*** Opening SOURCE MATERIAL ***

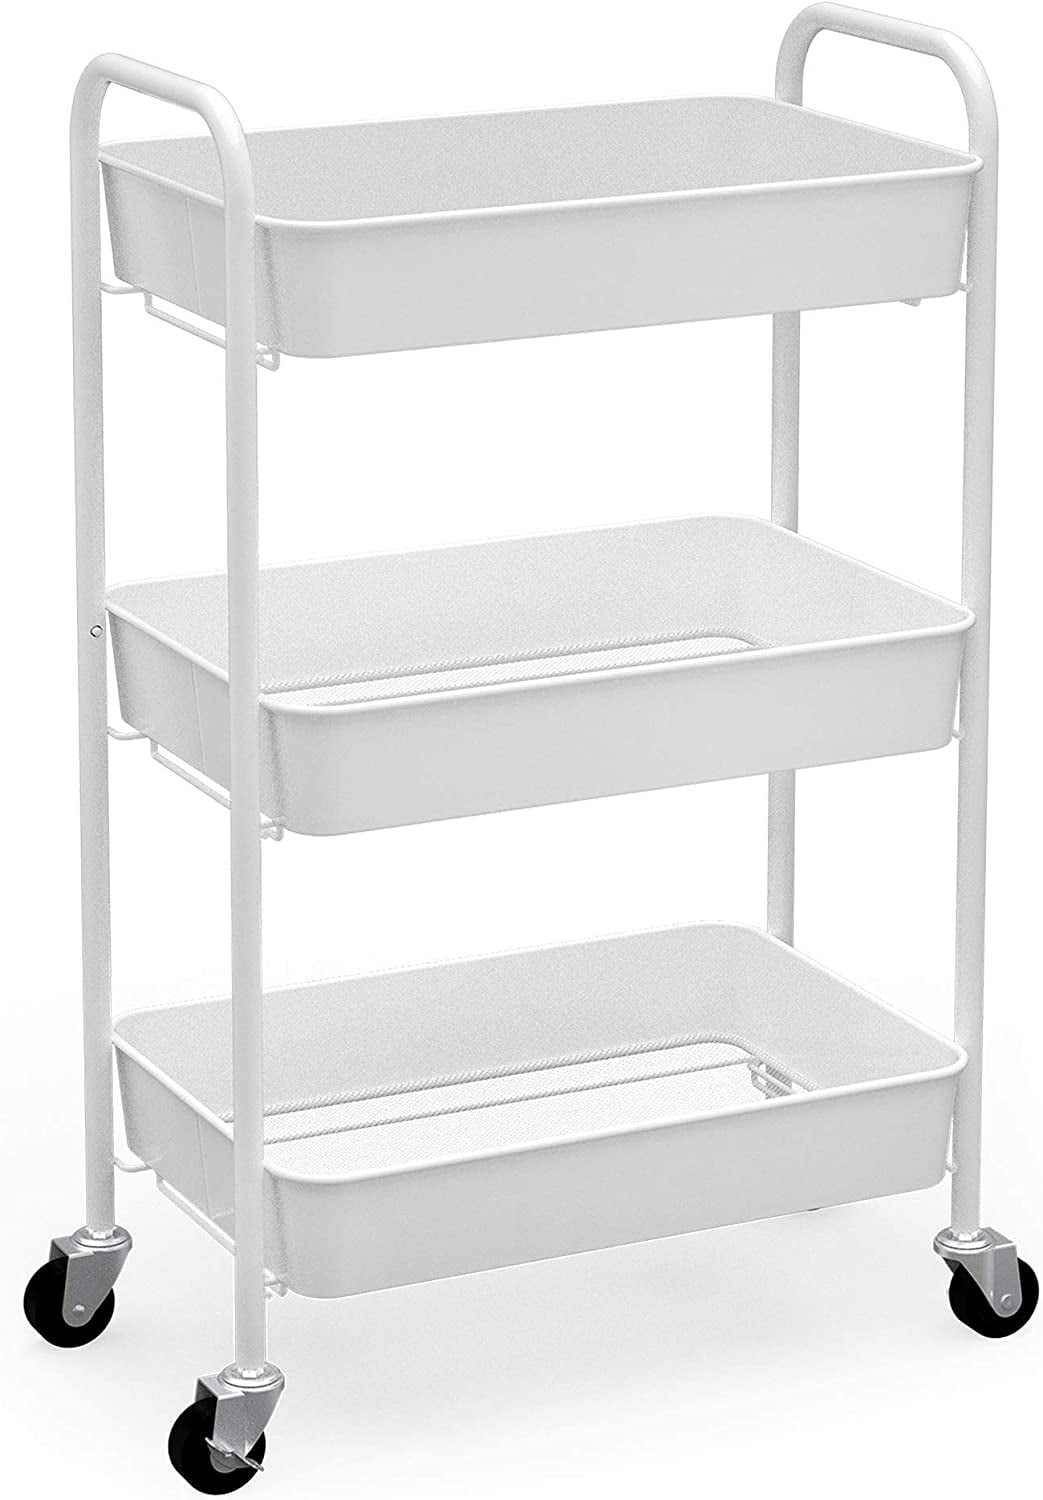 Kitchen Cart CAXXA 3-Tier Rolling Storage Organizer with Tabletop and 3 Small Baskets Mobile Utility Cart White Printer Cart 
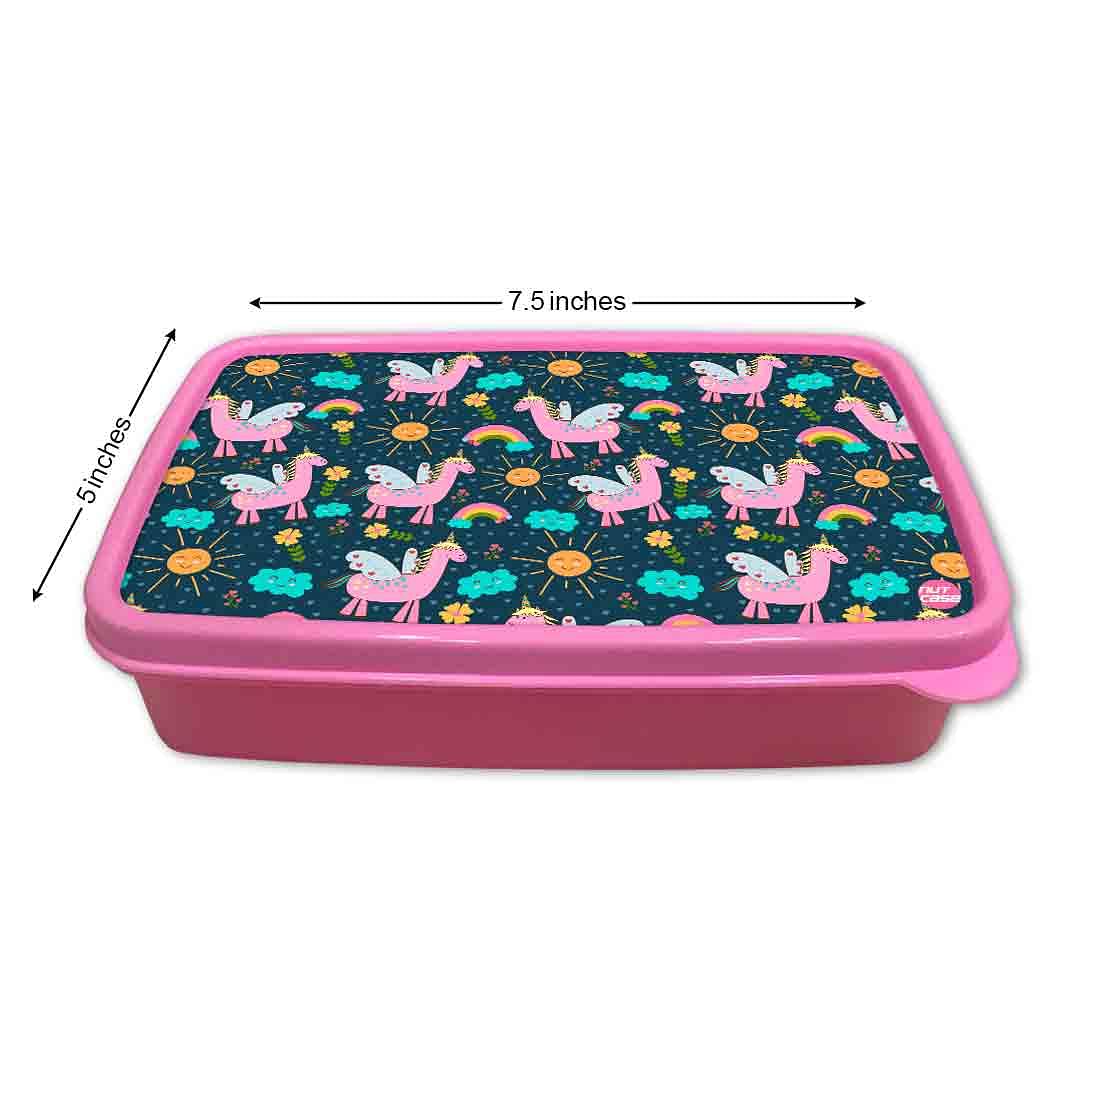 Buy Nutcase Designer Snack Box for Kids School Plastic Lunch Box for Girls  - Ideal Return Gifts for Birthday - Cute Elephant Online at Low Prices in  India - Amazon.in
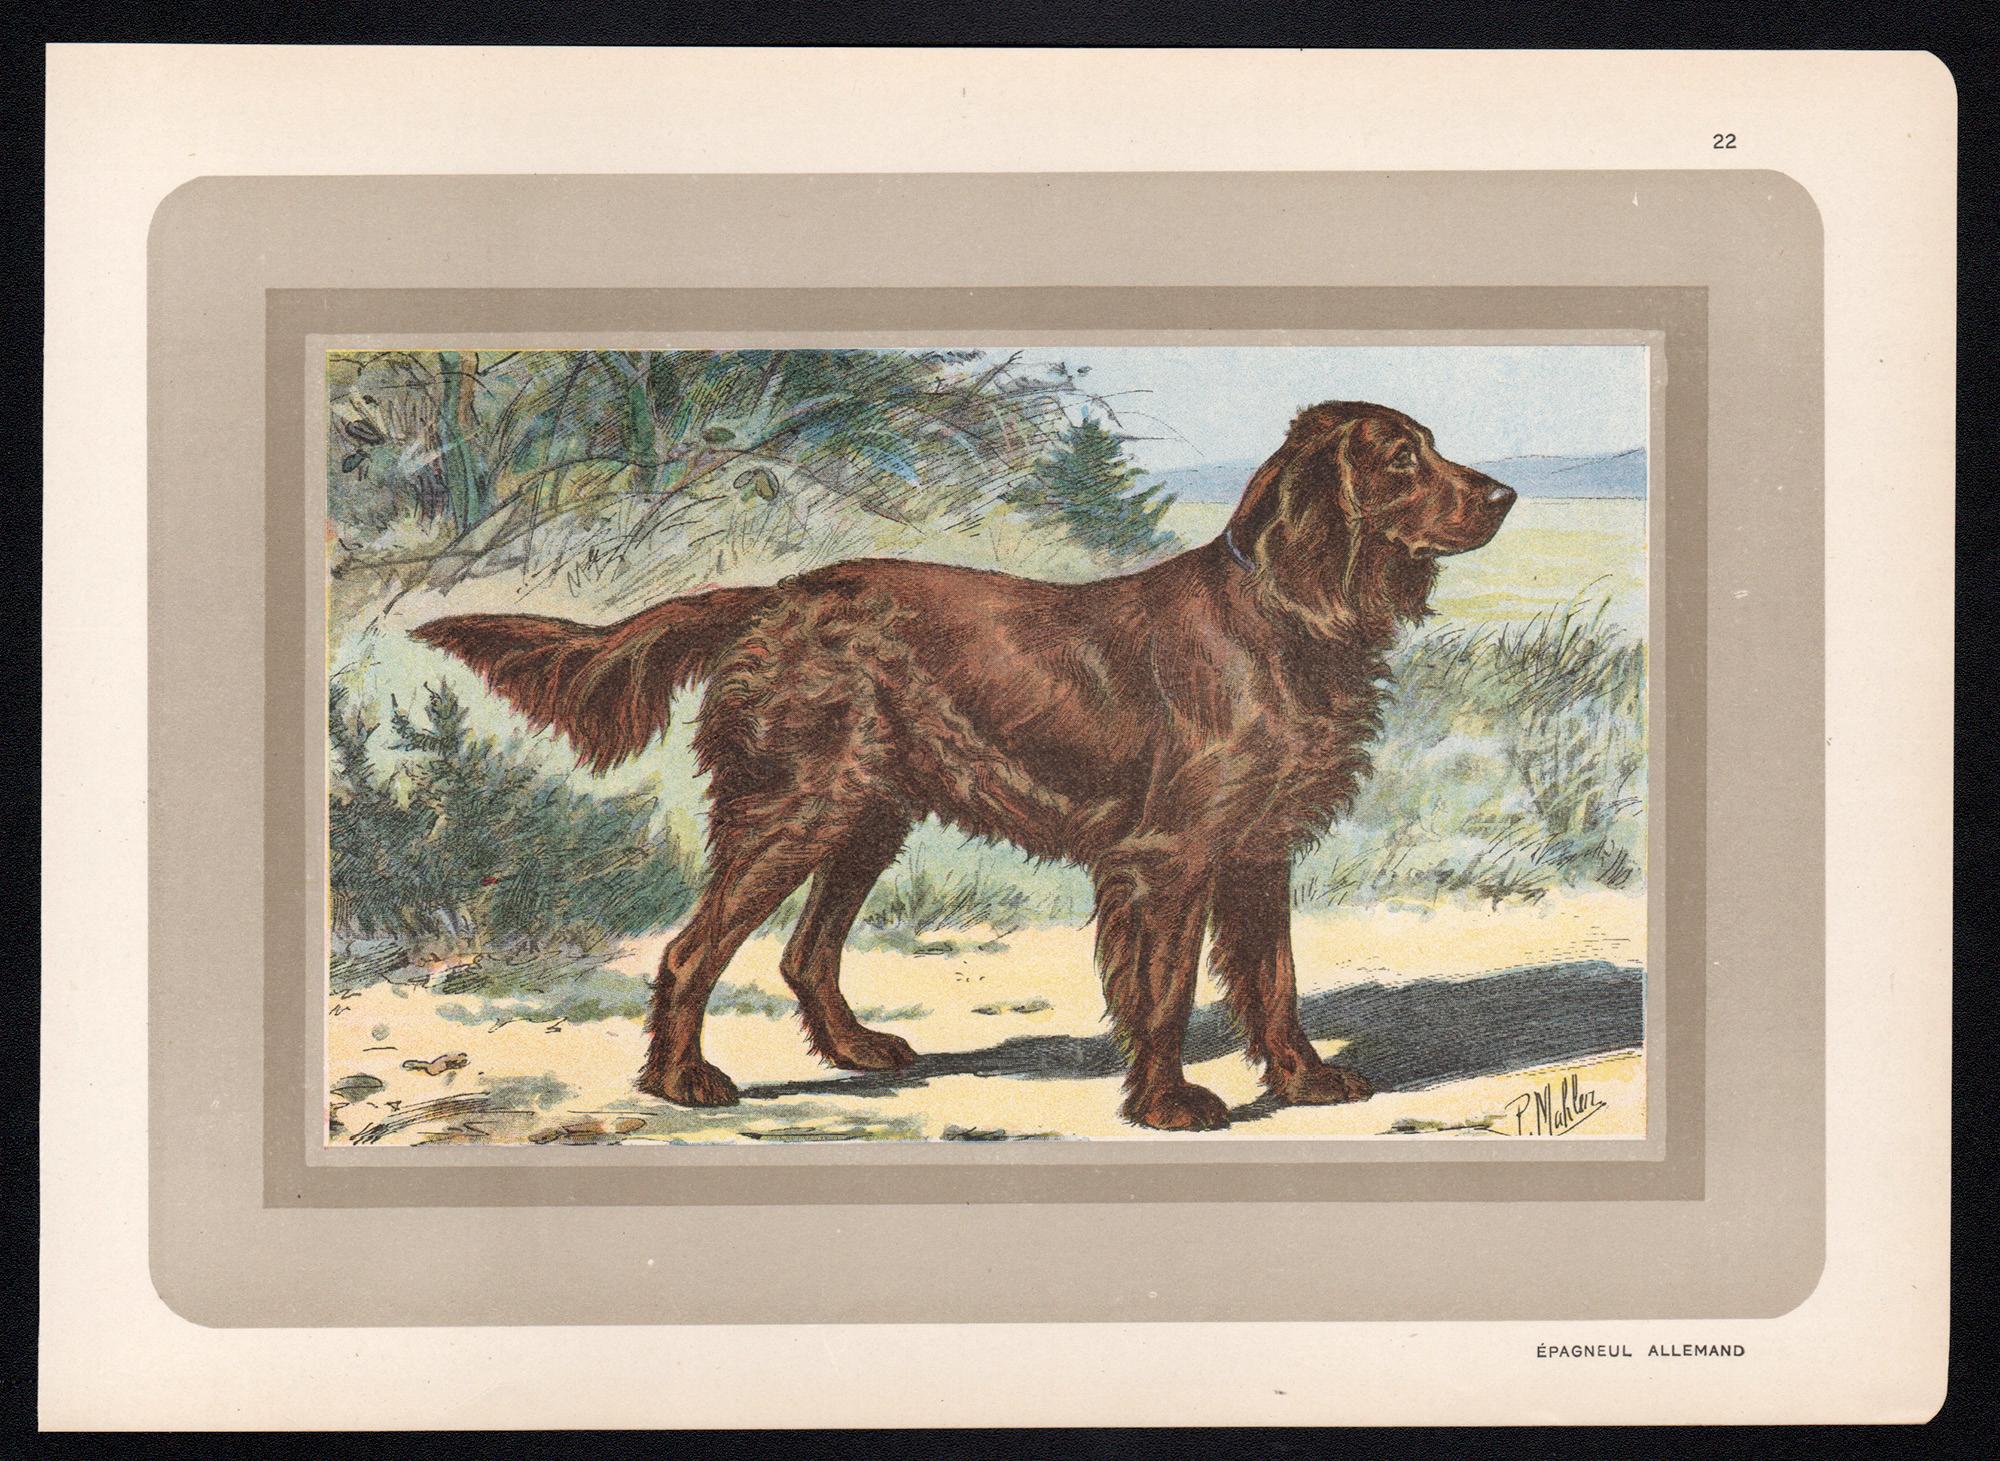 Epagneul Allemand - German Spaniel, French hound, dog chromolithograph, 1930s - Print by P. Mahler

*** Closing SOURCE MATERIAL ***

EXERCISE GOAL - Retype all of the listing above exactly, but keep its pictures out.

TASK ANSWER -
 Kitchen Cart CAXXA 3-Tier Rolling Storage Organizer with Tabletop and 3 Small Baskets Mobile Utility Cart White Printer Cart 
 Buy Nutcase Designer Snack Box for Kids School Plastic Lunch Box for Girls  - Ideal Return Gifts for Birthday - Cute Elephant Online at Low Prices in  India - Amazon.in
 Epagneul Allemand - German Spaniel, French hound, dog chromolithograph, 1930s - Print by P. Mahler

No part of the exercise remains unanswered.